OTOH, if we had a hierarchy of something like /lists/buildings/tall, or /architecture/tall buildings
we could find some pages devoted to this kind of thing and probably get the height
easily--it would just take a bit more thought and time on the part of the end user.
It would definitely be the kind of trade-off that people make all the time
when they go "off the grid" to some degree. Growing a garden vs. fresh veggies
from the store.
-- Appended to the end of comments you post. Max: 120 chars.
I'm just saying that matching them at [google's] own game is not trivial.
I agree. That doesn't mean that there isn't room for improvement in google's results.

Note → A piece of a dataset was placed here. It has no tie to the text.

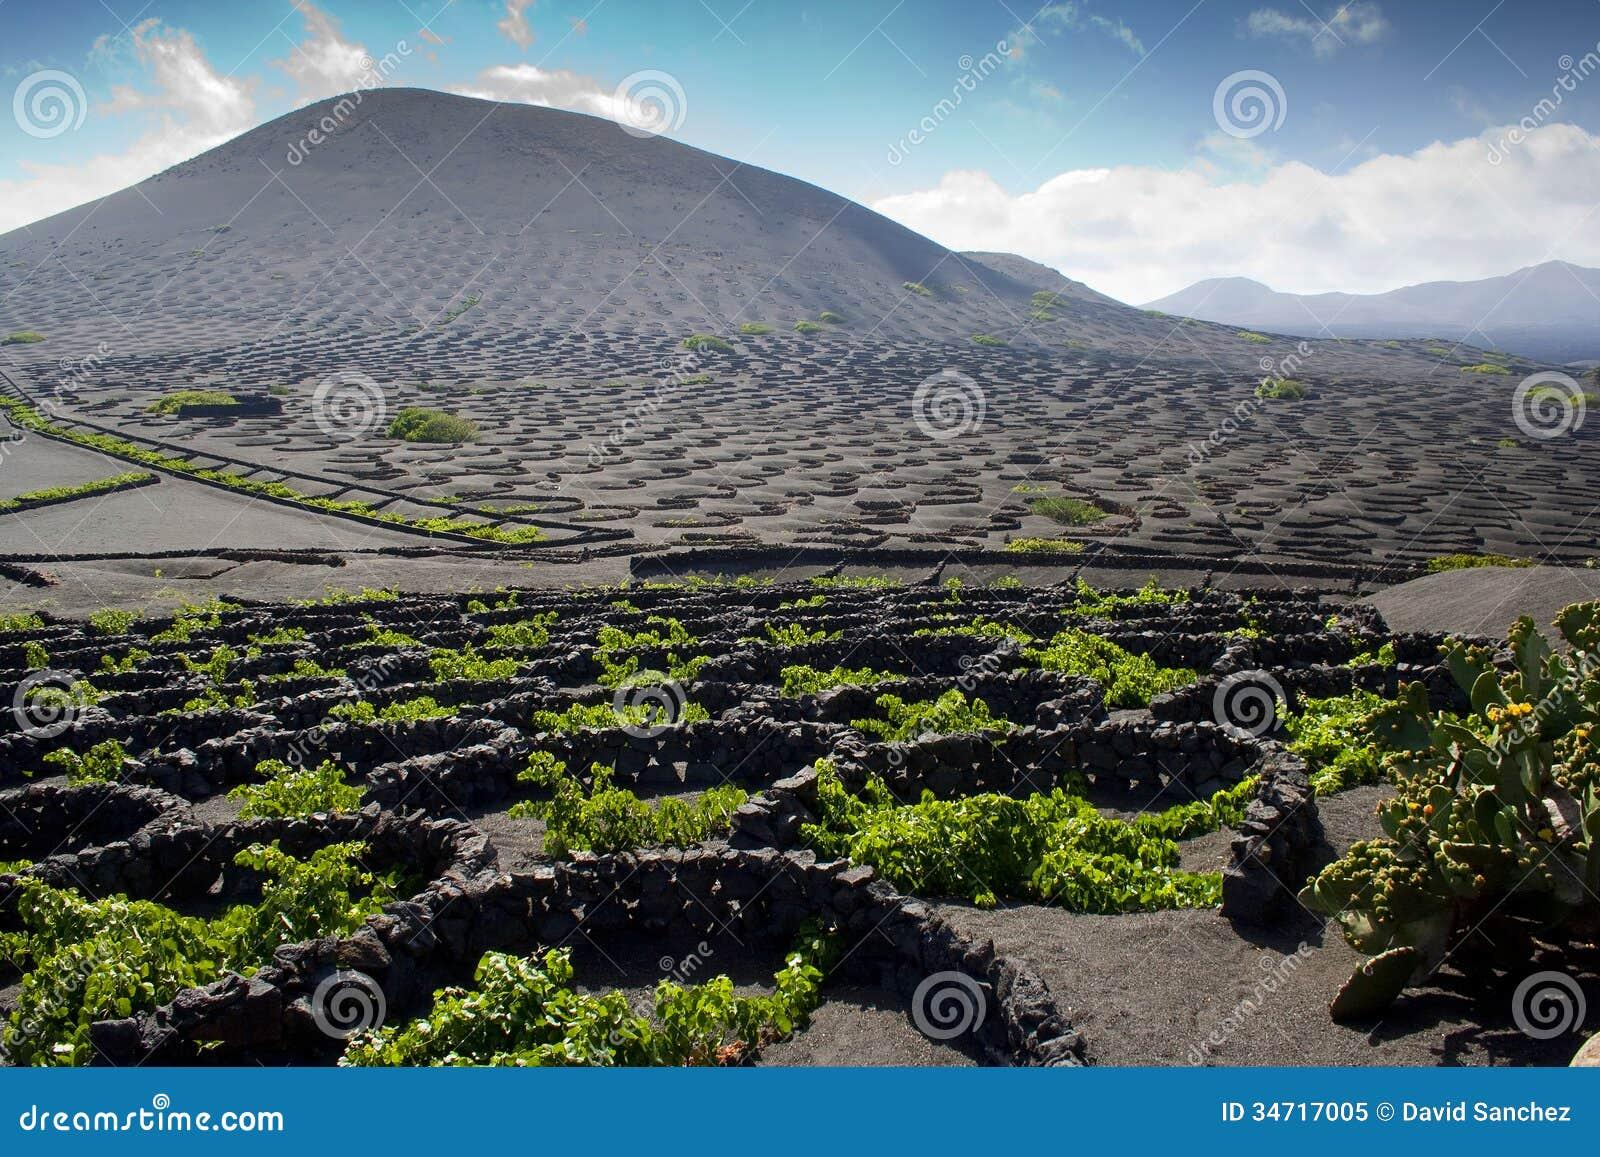 Free Plans Vineyard In Lanzarote Landscape Of Lanzarote Stock Image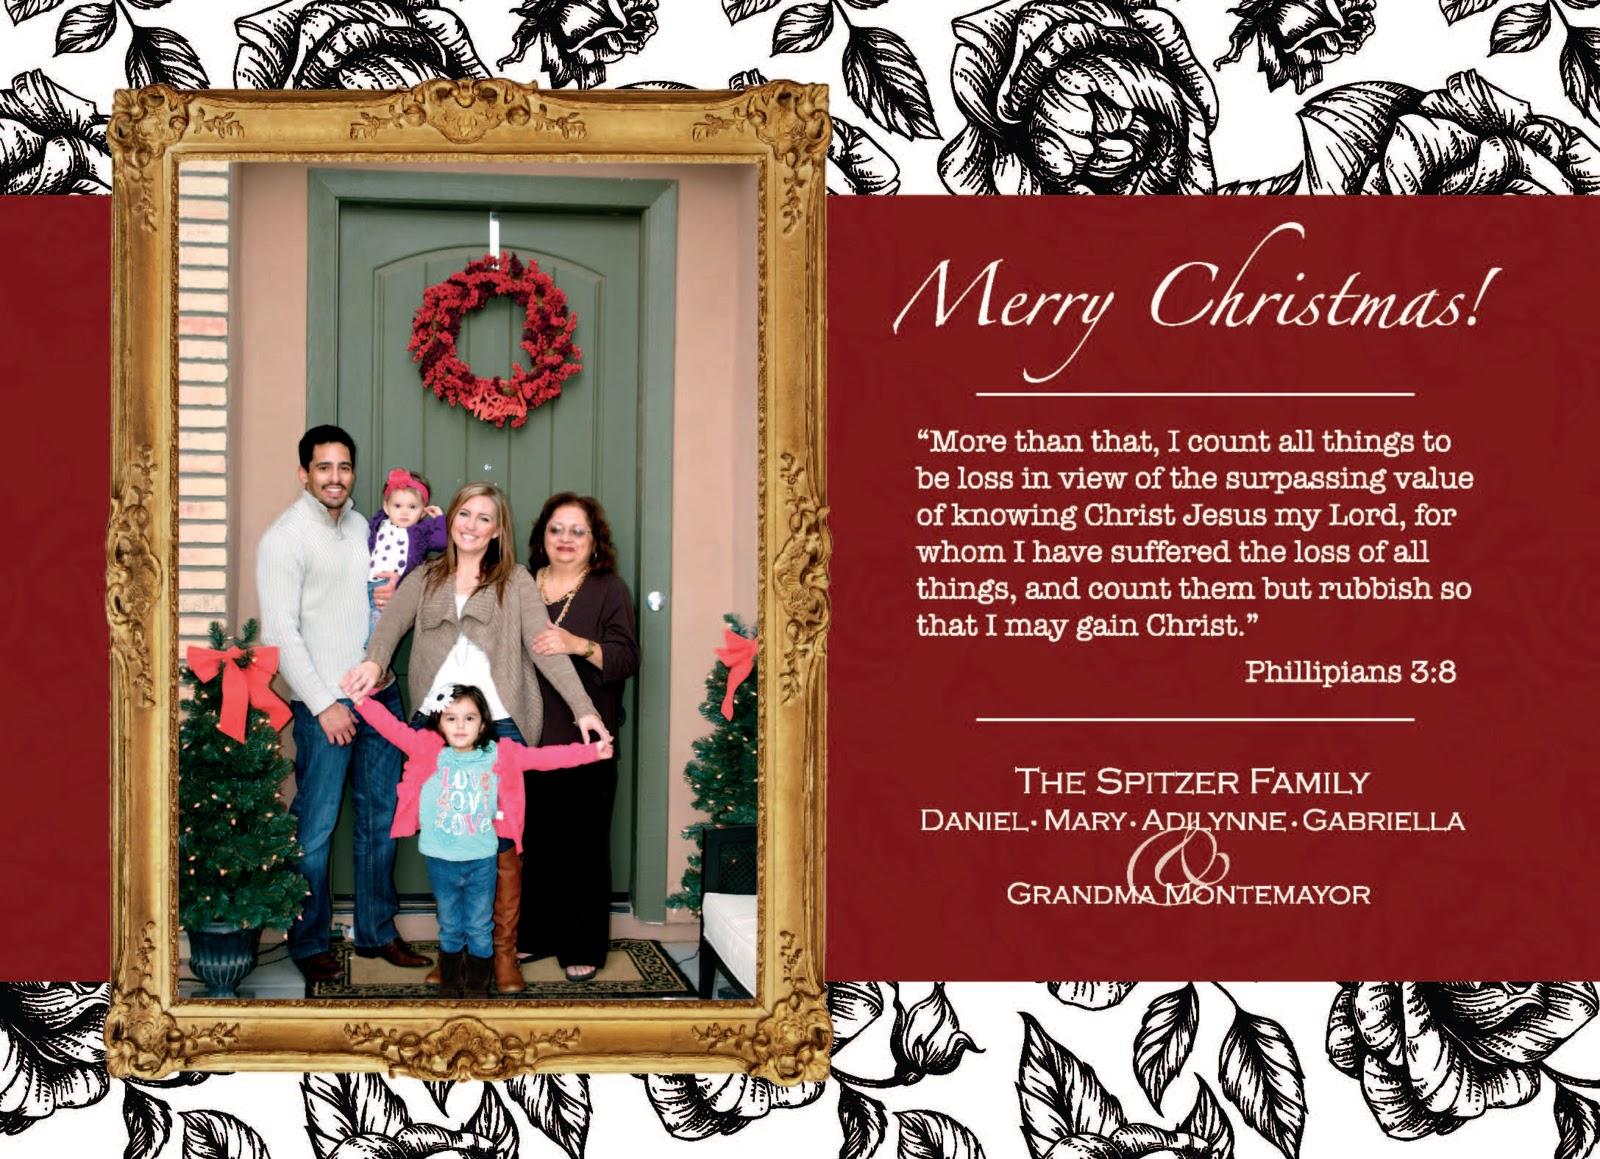 DIY Custom Christmas Cards | because i like to decorate...: becauseiliketodecorate.blogspot.com/2011/11/diy-custom-christmas...

Examples I can think of I encountered in my work at Findx:
Bias toward shops
If you search for a single word, eg "plasterboard", the google results will have a strong bias toward shops where you can buy them. No reviews. No building codes. No evaluation by consumer organisations. So if you search for a single word google thinks you want to buy stuff
Still vulnerable to SEO
An acquaintance noticed that google never showed links to where you could buy the cheapest plasterboards. So apparently the sites with SEO and link farms made it to page 1 every time, but the most useful link for the user was buried on page 3. There isn't much quality difference in plasterboards so wouldn't the cheapest be the "best" result?
Handling of compound words
I noticed that google's handling of compound words isn't that great. They claim they solved "the Swedish problem" (which is what they called the compound words challenge) in 2006. But I recently saw that a news paper's front page had a new compound word in an article link, and the article had the compound word in a different infliction. Google did have the main article crawled (verified with osearch for other unique words), but couldn't find it using the compound word. First after 3 days did it work. I'm not sure what is going on there, but I have a suspicion that analyzing compound words and generating inflictions is done offline and in batch, and there is some lag there. If you're curious then it was the Danish word "smølfedomptør"
Old documents ignored?
I noticed that findx could find an old usenet post that google couldn't find. It was a 10 year old post made available on a webpage. No clue why google didn't find it. So google apparently doesn't crawl everything, or they drop old documents
Apparently doesn't use third-party quality indicators
When looking to buy something google apparently doesn't use third-party quality seals/approval/badges (at least we couldn't find any indications that it does). Many countries have consumer organisations that provide badges to well-behaved webshops. That is a useful ranking parameter.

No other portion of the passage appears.